Сценарий счастья - Сигал Эрик. Страница 20
И в госпитале время от времени до нас доносились звуки перестрелки. Тревожные звуки, и в первую очередь потому, что они предвещали прибытие к нам на операционный стол новых жертв кровопролития. Политическая принадлежность раненых пациентов меня не интересовала. Некоторые были такие юные, что, я думаю, они и сами не осознавали своих пристрастий. Что только лишний раз подчеркивало бессмысленность этой войны.
Отец Сильвии умел держать слово. Не прошло и недели, как вертолеты, задействованные на его нефтеразработках на островах Дахлак в Красном море, благополучно доставили нам из аэропорта Асмэры новую партию лекарств. Толпящиеся во дворе госпиталя пациенты возрадовались и исполнили приветственный танец в честь волшебных машин.
Мы, со своей стороны, отметили это событие возобновлением операций. И раздачей доксициклина страдающим трахомой (увы, не Дауиту).
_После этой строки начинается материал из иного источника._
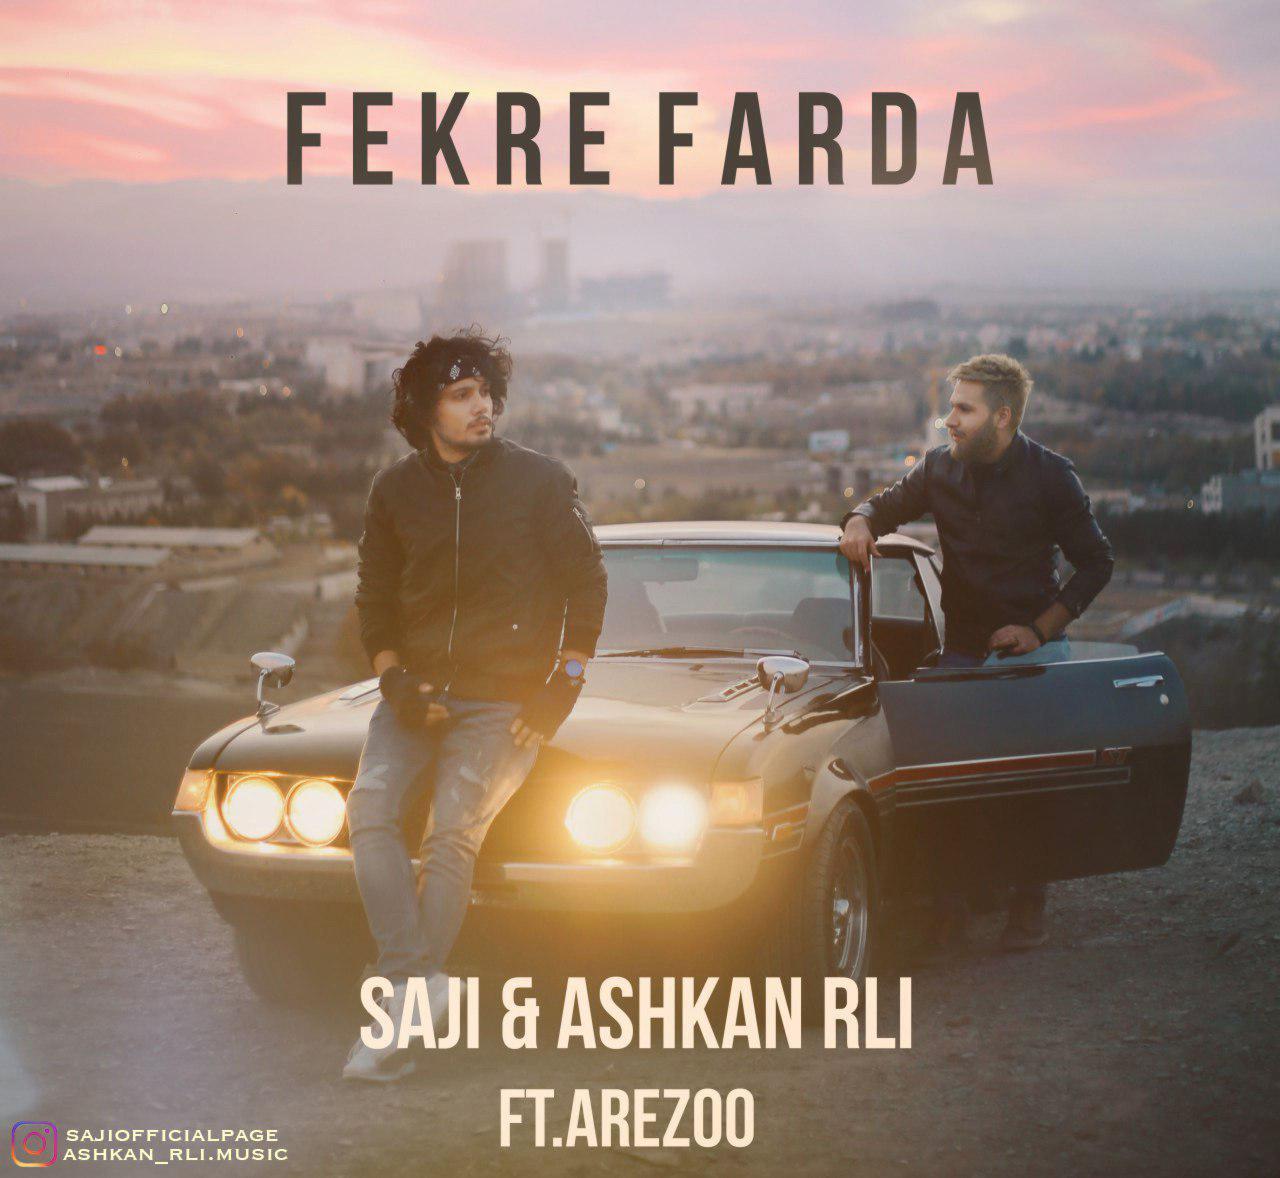 Saji & Ashkan Rli - Fekre Farda

Только благодаря сумасшедшему ритму работы можно было сохранить рассудок. У нас просто не оставалось времени ощущать в полной мере весь ужас тех опасных заболеваний, с которыми мы изо дня в день сталкивались. Одно дело видеть картинку в учебнике, и совсем другое — живьем лицезреть изуродованное лицо симпатичного крохи.
Если не считать работы, мы с Сильвией все время проводили вместе. Изнурение наших коллег неизбежно усугублялось изматывающим однообразием дней, похожих друг на друга как две капли воды. Мы же воспринимали эти дни как бесконечное повторение неземного блаженства. Однако и нас не миновала горечь утрат, которые мы ежедневно несли. Большинство из них ничем нельзя было оправдать.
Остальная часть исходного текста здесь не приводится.